The space at the back, where Suni and Maz’s home now stands, was then occupied by a tiny weatherboard guest cottage dubbed “the bach”, a hideaway for Chubby. After his death, the young couple paid for the property to be subdivided, bought the rear site from Yvette, and had the 34-square-metre bach made liveable for their then family of three. “Tim and Caro designed a genius little intervention that was super quick and easy to put up,” says Suni. “We slept upstairs in a loft, which was beautiful.”
With a growing family, the masterplan was always to build something new, something wonderful on the tight, 164-square-metre site. For years, the quartet of friends played with the idea of a tower at the site’s centre. “There’s no room, but you can go really high here, up to nine metres,” says Gittos. “But Caro and I realised that wasn’t going to make any sense: it would be really exposed, with no privacy. We thought ‘Oh shit, I hope they’re not too attached to the tower thing!’”
The final design forms a square that fills the whole site, protecting privacy from three very close neighbours, while opening the home up to the sun and a small view to the north, and also keeping Wellington’s infamous wind at bay.
The 80-square-metre, L-shaped home forms the southern and eastern sides of the courtyard’s square. A small, self-contained studio office sits at the northwestern corner. The western wall is formed by a solid fence and gate, and the northern wall is made from clear sheets of Duralite roofing, opening the courtyard up to the sun while providing shelter. The courtyard is further protected from the elements by Duralite pergolas on the western and northern sides.

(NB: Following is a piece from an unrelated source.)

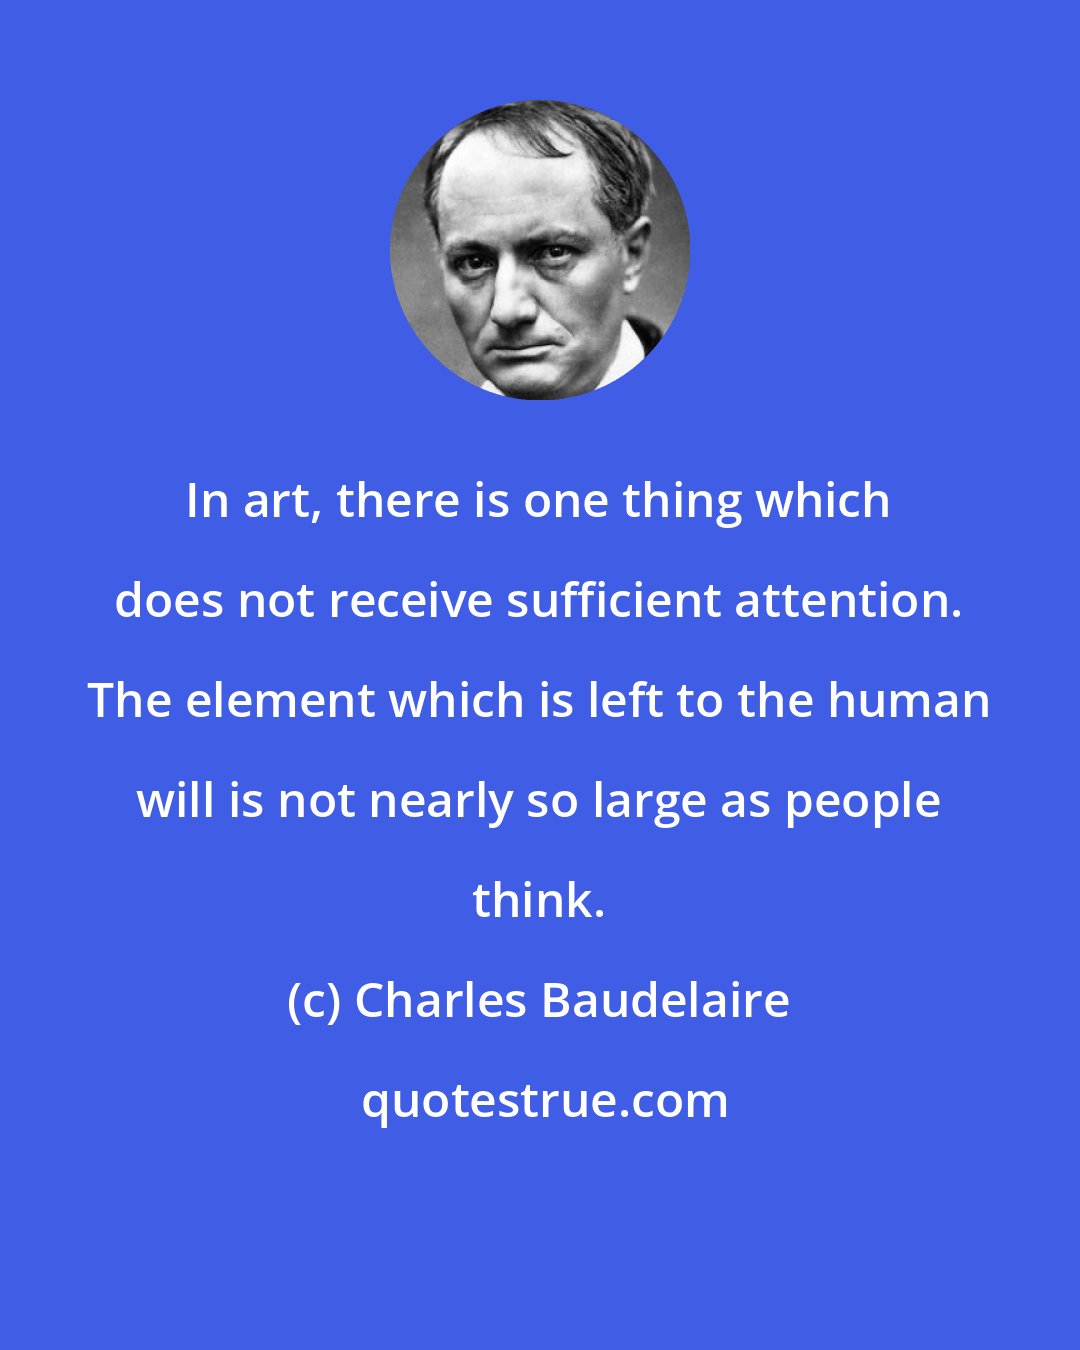 Charles Baudelaire: In art, there is one thing which does not receive sufficient attention. The element which is left to the human will is not nearly so large as people think.

The home’s living areas and two bedrooms open to the courtyard, wildflowers and sunlight, while the living room’s north-facing wall is entirely glass, opening the area and kitchen to the view, and also allowing the floated concrete floor to warm up in the sun. “We’ve really wanted to test the idea: how do you live more connected to the outside in Wellington?” says Gittos. “By protecting some space outside, space that you can open into, it makes a smaller house feel like one big room.”
With a very tight budget, the design has been kept as simple as possible, and the materials cost-effective, with fittings sourced and supplied by the Hermons. “We wanted a good, healthy, dry house, without wasting money and time making things finicky,” says Robertson. Still, there was room in the budget for a few stylish flourishes. The roofline of living area, kitchen and bathroom forms a parabolic hyperboloid. “It’s a complex surface, but on the cheap,” says Gittos, with a laugh. “It was a way to get relief from the rigid geometry of everything else.”
Another special touch is inside, where Suni and Maz insisted on spending money on quality stone, with handsome grey marble for the kitchen bench and splashback. “The stone used in the bathroom and main bedroom is really, really precious,” says Suni. “We reviewed the offcuts at this stone place, and when we heard the name — timber onyx — we were a hundred percent committed. It had been sitting there for about 20 years, they reckoned. We got it for a crazy bargain.”
But the home’s most singular feature is the courtyard structure, one of the oldest building forms. While it remains a common house typology in many other parts of the world — from the Middle East to Europe to Asia — it is still little seen in New Zealand. “I guess people here just don’t know this as a house type,” says Gittos. “They think you’ve got to go out from your house to get a sense of space, whereas with this form, you put the space inside the four walls.”
In the Middle East or Spain, that space would provide a pool of cool shade. In Wellington, it provides a warm, sheltered place out of the wind. “Sometimes you can see the trees going bananas outside from a big northerly, but in here it’s almost still,” says Suni. “The wildflower garden hardly moves.” Indeed, it shimmers.